Likely, the two polarities will sound comparably loud on white noise.
No, this doesn't match naive notions of polarity.
B.
In case of a stereo pair of speakers, wires must be set similarly! I your speakers are 2-way construction, simple listening test will be enough.
Poor design is obviously common with 2-way speakers with compression driver/horn, making highpassed driver to be several cycles late. This will make polarity checking complicated without measurements. Also no so important, unless one has a pair of speakers...
Poor design is obviously common with 2-way speakers with compression driver/horn, making highpassed driver to be several cycles late. This will make polarity checking complicated without measurements. Also no so important, unless one has a pair of speakers...
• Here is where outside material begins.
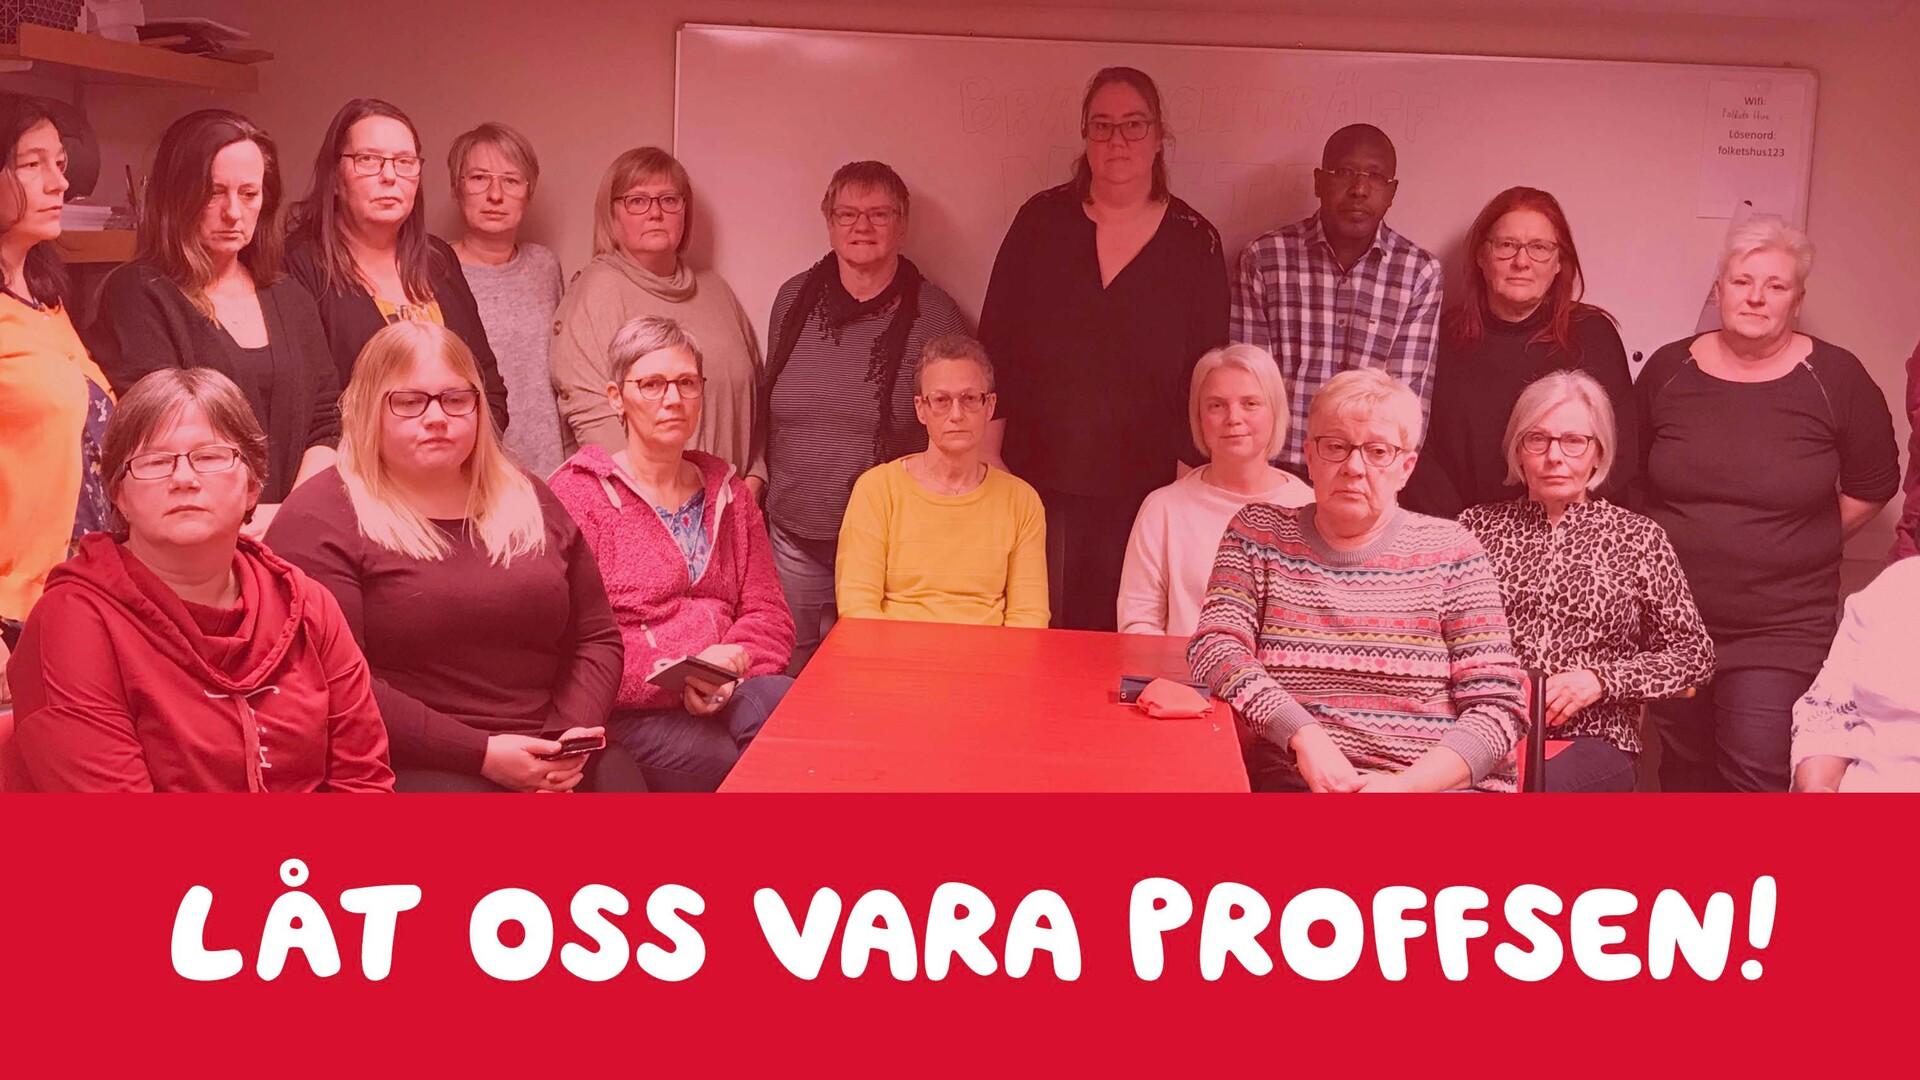 Majoriteten av personalen som jobbar natt i Vaggeryds kommun samlades för att diskutera neddragningarna.

Hi, i'm constantly matching polarities, on 4 and 5-way DIYs....most all with CDs.
Best way no doubt is to measure impulse response using linear view, looking for tallest absolute value peak, and making it positive.
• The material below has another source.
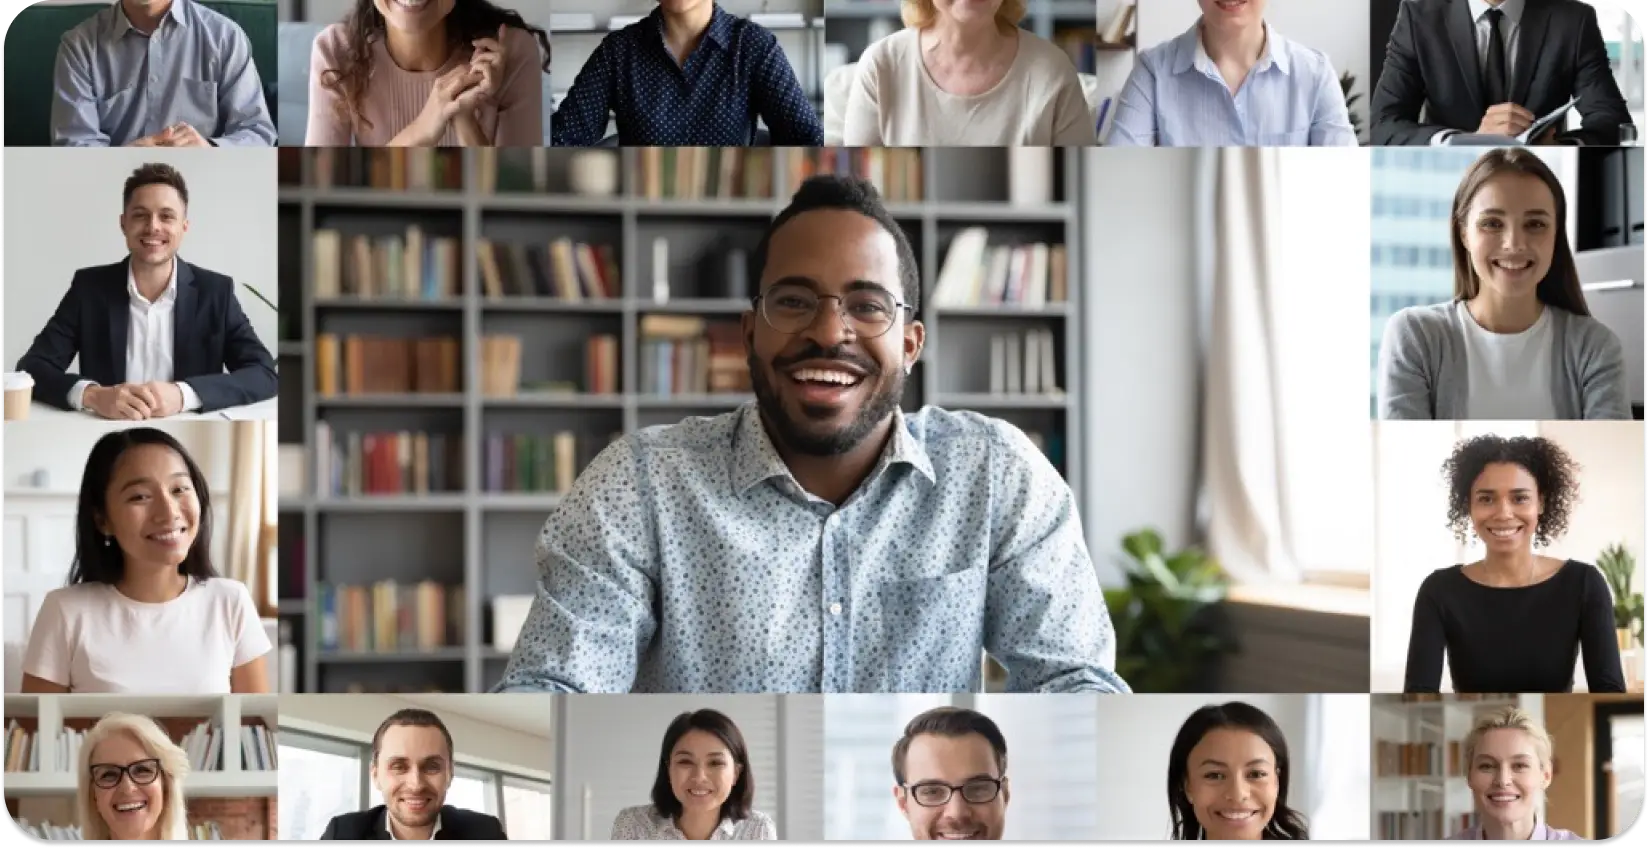 Colagem de diversos profissionais em uma reunião virtual, mostrando a inclusão no local de trabalho.

Without that, as you know 9v battery works great for cones.
Also works for CD, although i'd use a 1.5v battery.
A single sheet of one-ply toilet paper, or thin plastic food wrap, over the CD exit hole can usually be seen to puff out a little when polarity positive.
Oh, I strongly disagree with the comment that polarity doesn't apply to horn output. Never met such yet......
Best way no doubt is to measure impulse response using linear view, looking for tallest absolute value peak, and making it positive.
Without that, as you know 9v battery works great for cones.
Also works for CD, although i'd use a 1.5v battery.
A single sheet of one-ply toilet paper, or thin plastic food wrap, over the CD exit hole can usually be seen to puff out a little when polarity positive.
Oh, I strongly disagree with the comment that polarity doesn't apply to horn output. Never met such yet......
If you can remove tweeter driver from a horn and put it very close to reference driver than method by jjasniew will work if you use single frequency with wavelenght several times longer than distance between drivers.
Q:How do you know if crossover is designed so that polarity is same or opposite for woofer and compression driver/tweeter?
A: By measuring the acoustic output
ps. Once I had a ready-made xo for a kit speaker, where tweeter connectors were marked wrong way, obviously to minimize mistakes by random builders. I have also seen some refurbished speakers where wires connections were "corrected", which was wrong for LR2 xo.
A: By measuring the acoustic output
ps. Once I had a ready-made xo for a kit speaker, where tweeter connectors were marked wrong way, obviously to minimize mistakes by random builders. I have also seen some refurbished speakers where wires connections were "corrected", which was wrong for LR2 xo.